There is a empty sack on the floor which area of density is s(the sack's) and air can't go through it's surface.
Sack's circumference is L and length l(so when it's filled with air it's like a sausage, also l>L)
Inside the sack is overpressure( p. Air density is meager and free-fall acceleration is g.
Define the length of contact(c) between sack and the floor.
Answer is:
The pressure at the floor P = p + sg, hence sLg=(p+sg)c and on and on(I can handle the rest)
But I don't understand the meaning of the P = p + sg. I thought it like how does the overpressure inside "the box" affect to the floor. And then there is that devil sg.
Could somebody explain that P part, please?

RKJP, I think I understand your question. At first I thought you meant that P was the pressure exerted on the floor. In that case, the answer doesn't make any sense at all. Then I realized that P is simply the net pressure inside the sack when it is in contact with the floor.
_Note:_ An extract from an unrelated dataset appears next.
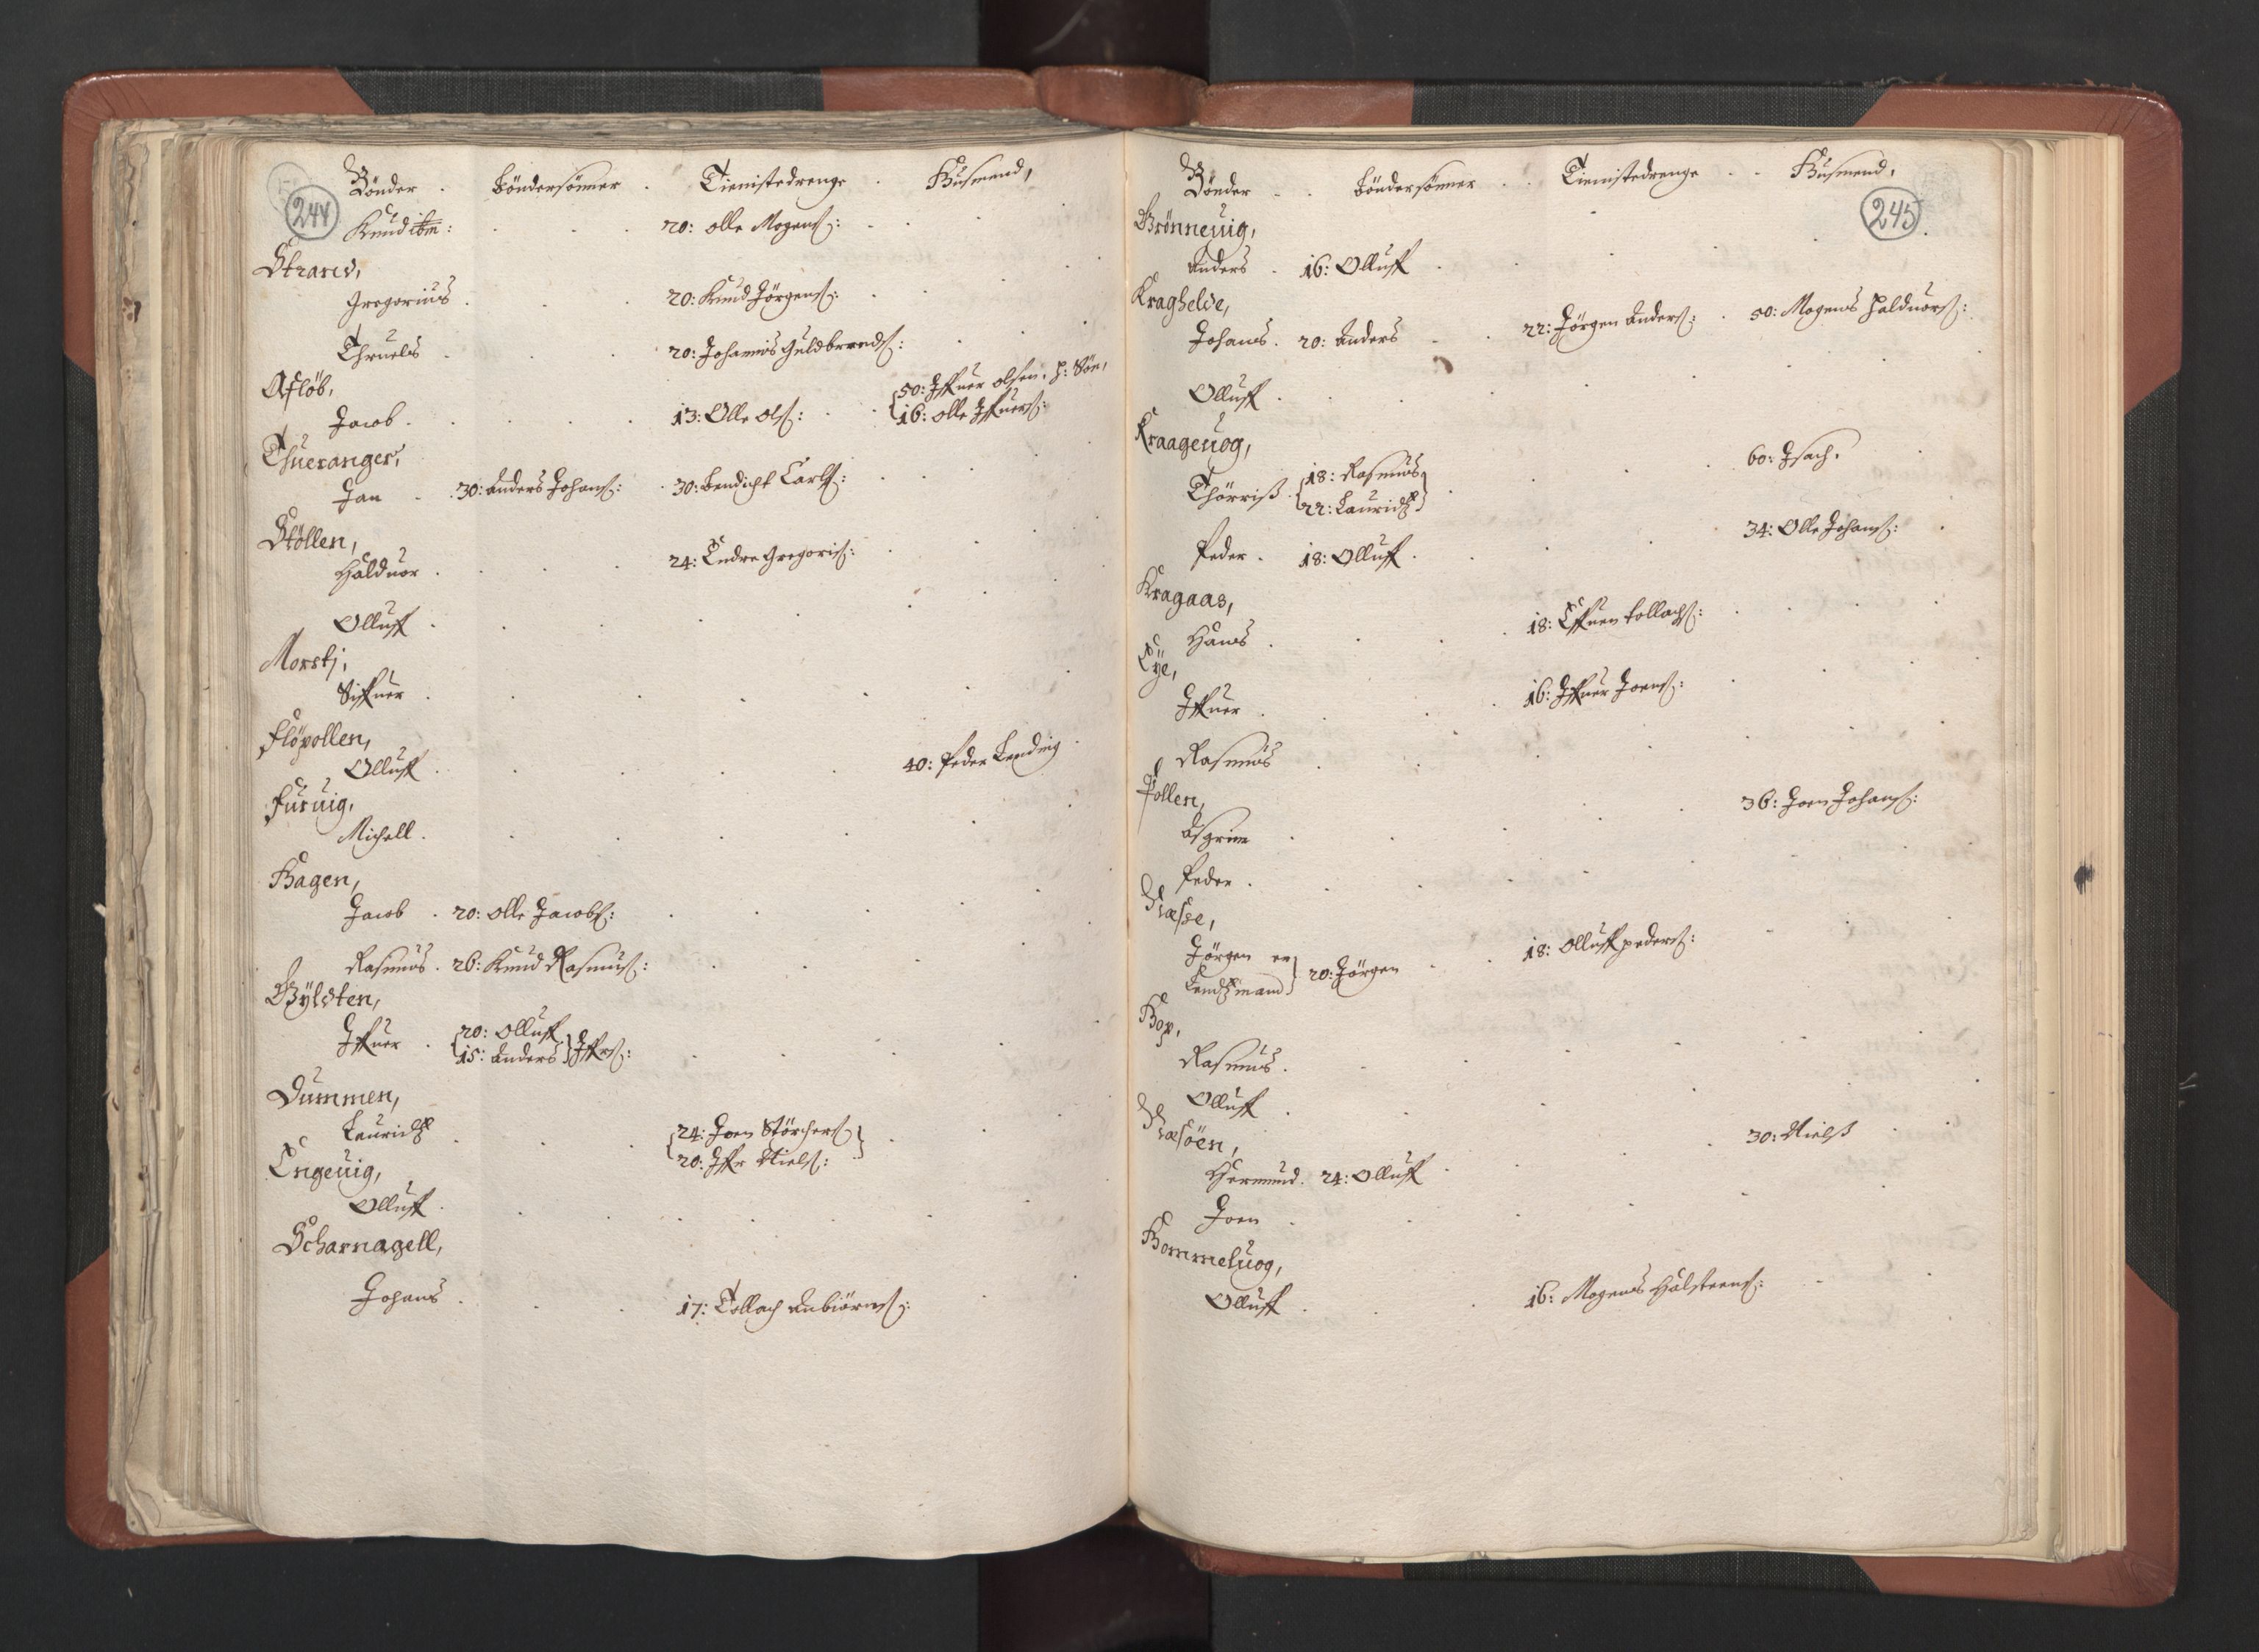 RA, Fogdenes og sorenskrivernes manntall 1664-1666, nr. 14: Hardanger len, Ytre Sogn fogderi og Indre Sogn fogderi, 1664-1665, s. 244-245

The overpressure within the sack is p. That means that if the sack was just floating in the air, any point on its interior surface would be experiencing an outward pressure p. In the case at hand, however, there is an additional force acting on part of the sack. That additional force comes from the floor, and it's equal and opposite to the weight of the sack, mg. This upward force from the floor causes the sack to collapse somewhat, forming a flat spot on the floor, thereby decreasing its volume and correspondingly increasing the interior pressure until an equilibrium is reached. Since the new equilibrium pressure, P, is exactly counteracting the weight of the sack, P must be equal to the original pressure, p, plus the additional pressure due to the weight of the sack. That additional pressure is the weight, mg, divided by the surface area, A. So P = p + mg/A = p + sg.

Aaah... Now I understand...
Thanks